Chuck: Truth thy name? thy death? we be (What in the world are you trying to say here? And where is your ellipsis or other punctuation?)

Chuck: Chuck Sparky Shroomy (The way this is written without punctuation sounds like it’s all one person’s name.)

Smokey: And Smokey

Sparky: Eff my life. This stupidity is contagious.

The dialogue is getting worse as we move along through the story.

Panel 5: Wide shot from the side Sparky is on the extreme left. He has his arms crossed and is facing us. Smokey is standing nearer to Sparky but is nodding towards Chuck, Shroomy and Thad. Chuck has moved a little closer to Thad and Shroomy has joined them. They are on the right side of the panel. Thad is excited to be having his first conversation in 300+ years. There are two conversations going on at once. Smokey and Sparky on the left and Thad and Shroomy and Chuck on the right.

Smokey: Aren’t you coming? This is what we were JUST talking about!

Sparky: Nope. Not enough beer left for me to start contemplating my own mortality tonight.

Sparky: I’m exhausted. I’m delegating this one to you guys.

Thad: Hark! Kindred Soul! Chuck!

Thad: Thaddeus Richmond be am I! (If you had at least shown you had done some sort of research on the dialect, it would have a better chance of sliding by. However, it’s just another thing on the pile of crap that this is.)

Thad: Dead sixteen score thus!       (He knows how long he’s been dead and can calculate it?)

Shroomy: Neat! Lemme try.

Shroomy: How about… Be thou cursed? If nay (Missing ending punctuation.)
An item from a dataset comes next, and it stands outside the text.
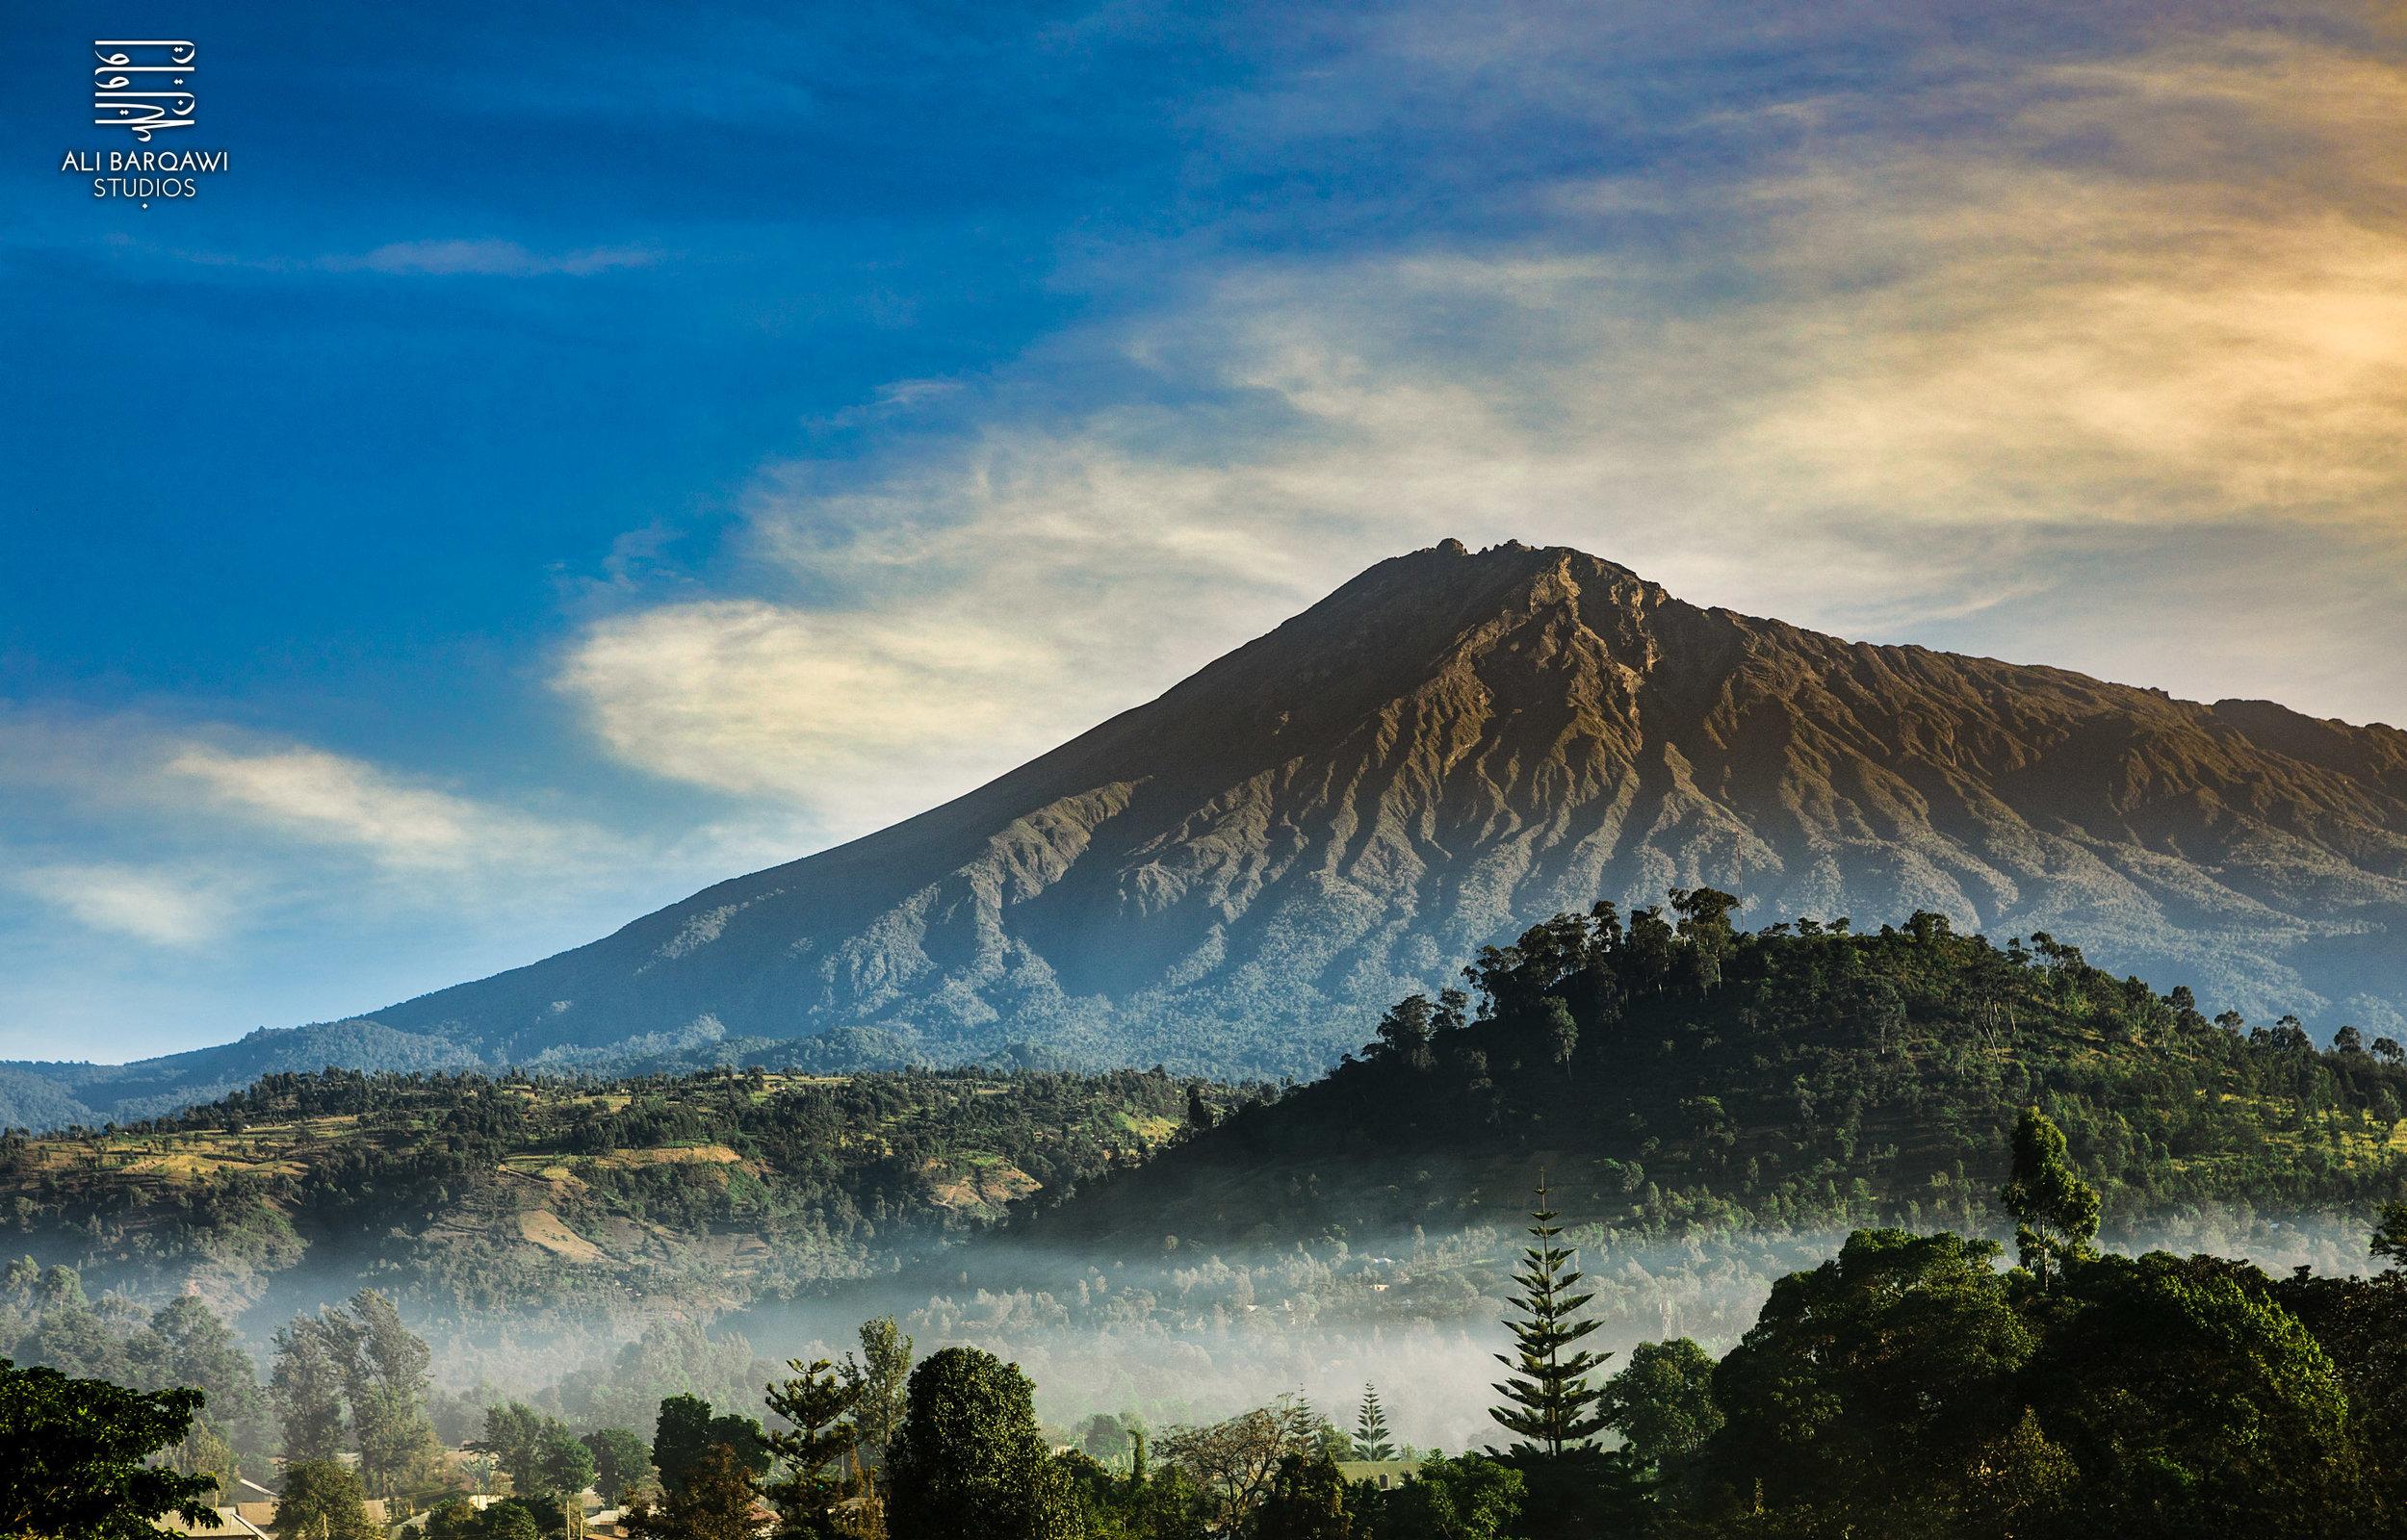 Ali-Barqawi-Studios-Explore-Series-Travel-Adventure-Documentary-Climb4Karam-Kilimanjaro-Tanzania-2017-008.jpg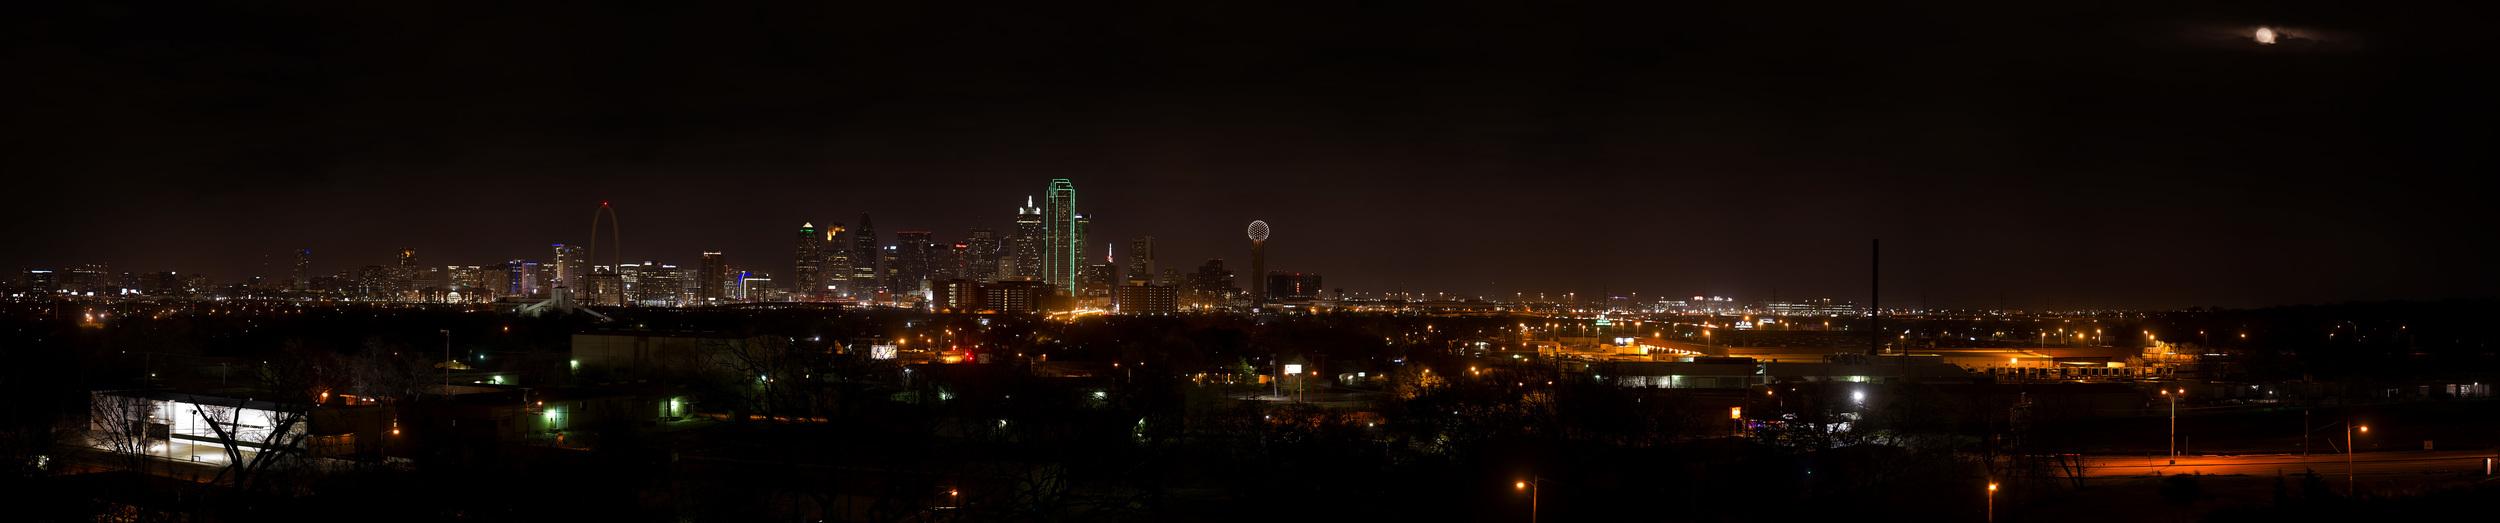 Dallas-Skyline-Belmont-Hotel-Night-Pano-032011.jpg

Shroomy: What be unfinished for thou?

Shroomy: Lost Love? Tragic end?

This? This is trash. Ten balloons in a single panel? No. This has just slipped into crap. And I haven’t even read the words yet.

Panel 6:  Tight bust shot looking down at Sparky falling asleep. (Wasn’t he just standing with his arms crossed? When did he lie down?) His eyes are just about to fully close. He’s laid back against the trunk of a tree. This shot should be lit by the campfire. It will change on the next page.

Thad: (o/p) Tragedy, yes! Love!

Thad: (o/p) Lost to life’s pursuit, po’try (Are you trying to say “poetry” or “poultry”? Spell it out. No shortcuts here.)

Thad: (o/p) Lost to the afterlife (Seriously, what is with the missing punctuation?? I’m finding it all over the place!)

It seems to me like you’re trying to go for an ‘80’s Bill & Ted vibe, but it isn’t working. Here’s what you have so far: Four (stoner) friends are in the woods talking about life and their thoughts on the afterlife. Suddenly a ghost appears out of nowhere with a glass of ale in his hand as he stands next to Sparky, also with a beer in his hand. The quartet are scared, but the ghost seems friendly and they try to communicate with him. I‘m personally uninterested because the story is taking forever to move along. This is the second issue, and yet it’s not performing the duties of a second issue, which is to continue developing the story and building upon the characters set up in the first issue. This has the feel of a first issue, which makes me wonder what happened in #1. 

While Steve has summed up what has happened so far, there still is no story! It’s P3! How is there no story? How is any of this supposed to be interesting?

A ghost shows up, and then there’s the horrible attempt at Elizabethan English. It’s enough to make my eyes bleed. I half want to correct it, half want to run away screaming, and half want to let it be as it possibly being in character for a group of what looks to be stoner slackers. I don’t care that that’s three halves. Now you start to know part of my pain.

I guess it’s time for a story.

I have a cousin who’s more like my brother. A younger brother. He’s a stoner, which is a damned shame, because he’s intelligent and has a ton of potential. He just doesn’t apply himself. Sad, really.

So, one weekend, I’m home from my base in upstate New York. I go to see my cousin, among other family, and he’s already high. And he has an idea! It’s a great idea! I’m going to love it, and I’m going to write the hell out of it! He doesn’t know why no one has ever thought of it before.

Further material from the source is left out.